MOSER. Ihr ließt mich holen, gnädiger Herr. Ich erstaune. Das erste Mal in meinem Leben! Habt Ihr im Sinn, über die Religion zu spotten, oder fangt Ihr an, vor ihr zu zittern?

FRANZ. Spotten oder zittern, je nachdem du mir antwortest. – Höre, Moser, ich will dir zeigen, daß du ein Narr bist, oder die Welt fürn Narren halten willst, und du sollst mir antworten. Hörst du? Auf dein Leben sollst du mir antworten.

MOSER. Ihr fordert einen Höheren vor Euren Richterstuhl. Der Höhere wird Euch dermaleins antworten.

FRANZ. Itzt will ichs wissen, itzt, diesen Augenblick, damit ich nicht die schändliche Torheit begehe, und im Drange der Not den Götzen des Pöbels anrufe, ich habs dir oft mit Hohnlachen beim Burgunder zugesoffen: Es ist kein Gott! – Itzt red ich im Ernste mit dir, ich sage dir: es ist keiner! Du sollst mich mit allen Waffen widerlegen, die du in deiner Gewalt hast, aber ich blase sie weg mit dem Hauch meines Mundes.

MOSER. Wenn du auch eben so leicht den Donner wegblasen könntest, der mit zehntausendfachem Zentnergewicht auf deine stolze Seele fallen wird! dieser allwissende Gott, den du Tor und Bösewicht mitten aus seiner Schöpfung zernichtest, braucht sich nicht durch den Mund des Staubes zu rechtfertigen. Er ist ebenso groß in deinen Tyranneien, als irgend in einem Lächeln der siegenden Tugend.

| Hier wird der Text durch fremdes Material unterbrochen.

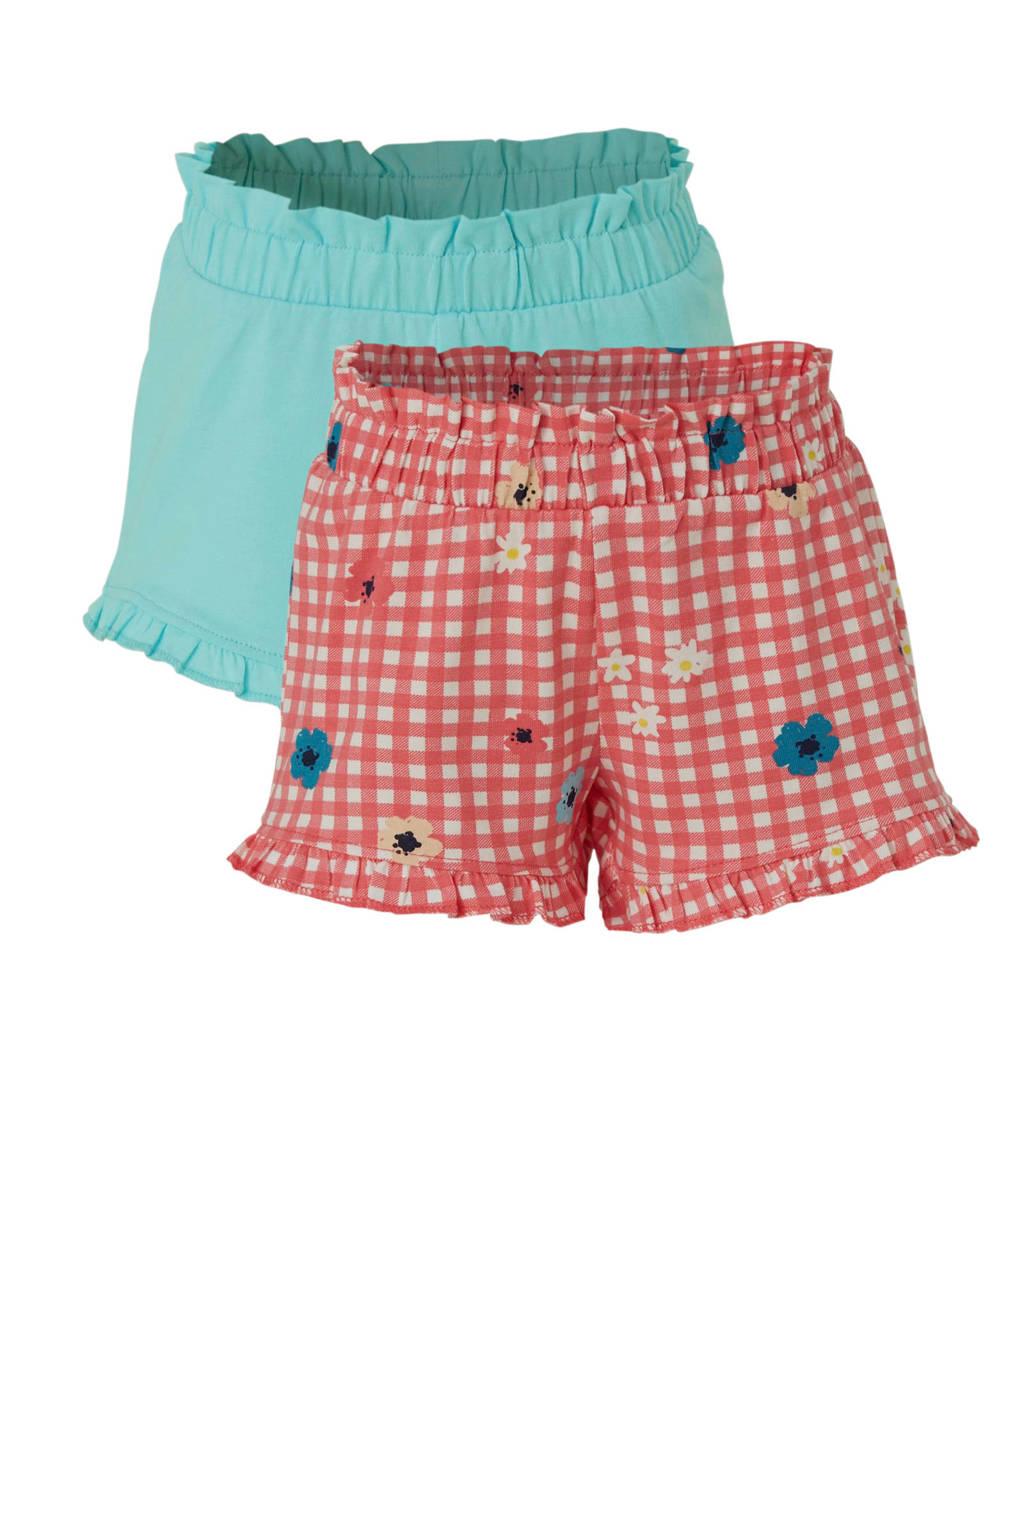 C&A Palomino geruite sweatshort roze/lichtblauw, Roze/lichtblauw

FRANZ. Ungemein gut, Pfaffe! So gefällst du mir.

MOSER. Ich stehe hier in den Angelegenheiten eines größeren Herrn, und rede mit einem, der Wurm ist wie ich, dem ich nicht gefallen will. Freilich müßt ich Wunder tun können, wenn ich deiner halsstarrigen Bosheit das Geständnis abzwingen könnte, – aber wenn deine Überzeugung so fest ist? warum ließest du mich rufen, sage mir doch, warum ließest du mich in der Mitternacht rufen?